How are UDF and UDAF defined and used in Hive?
In Hive, user-defined functions (UDFs) and user-defined aggregate functions (UDAFs) can be defined and implemented by writing Java code or using Hive’s custom function language (UDF/UDAF).
To define a UDF, you need to first write a Java class that inherits from Hive’s UDF class and implement the evaluate method.
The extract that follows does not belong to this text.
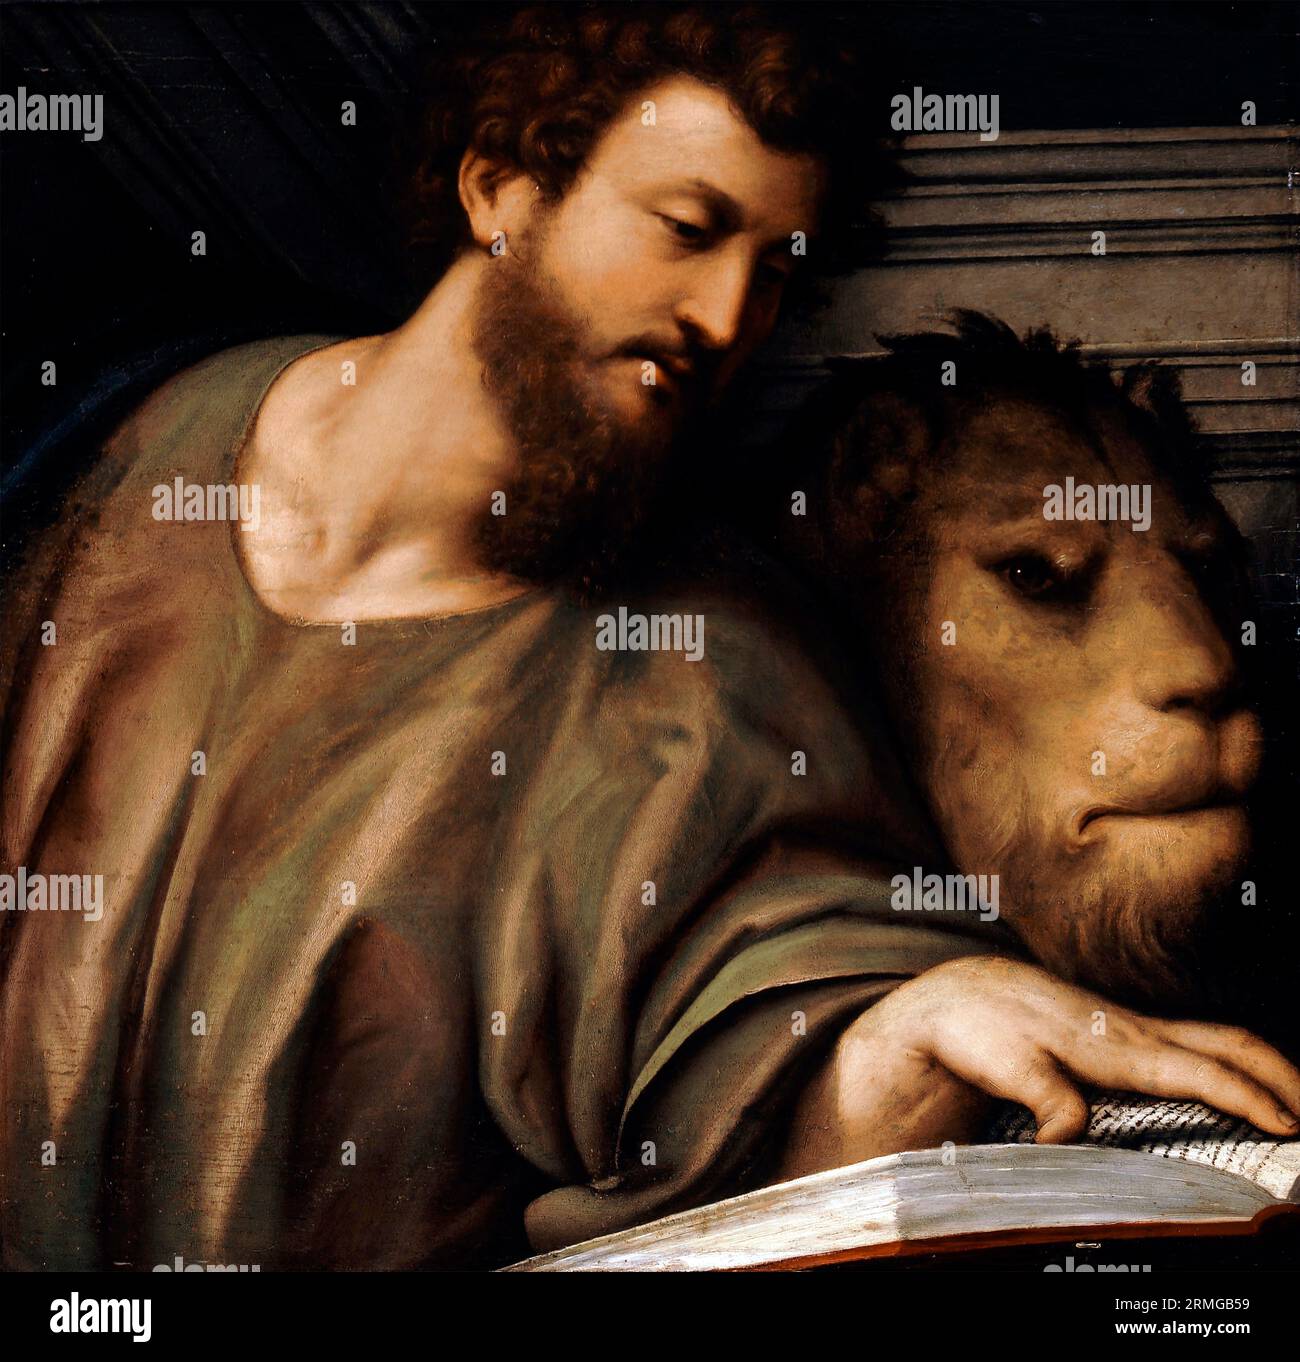 Saint Marc l’Evangéliste de il Pordenone (Giovanni Antonio de’ Sacchis : c. 1484-1539), huile sur bois, c. 1535 Banque D'Images

Then register this function in Hive using the CREATE FUNCTION statement.
For example, here is a simple example of a UDF:
import org.apache.hadoop.hive.ql.exec.UDF;
import org.apache.hadoop.io.Text;
public class MyUDF extends UDF {
public Text evaluate(Text input) {
if (input == null) {
return null;
}
return new Text(input.toString().toUpperCase());
}
}
Next, register this UDF in Hive.
CREATE FUNCTION my_udf AS 'com.example.MyUDF';
To define a UDAF, you need to write a Java class that extends Hive’s UDAF class and implement the evaluate method to define the aggregation logic. Then register this aggregation function in Hive using the CREATE FUNCTION statement.
For example, below is a simple example of a UDAF.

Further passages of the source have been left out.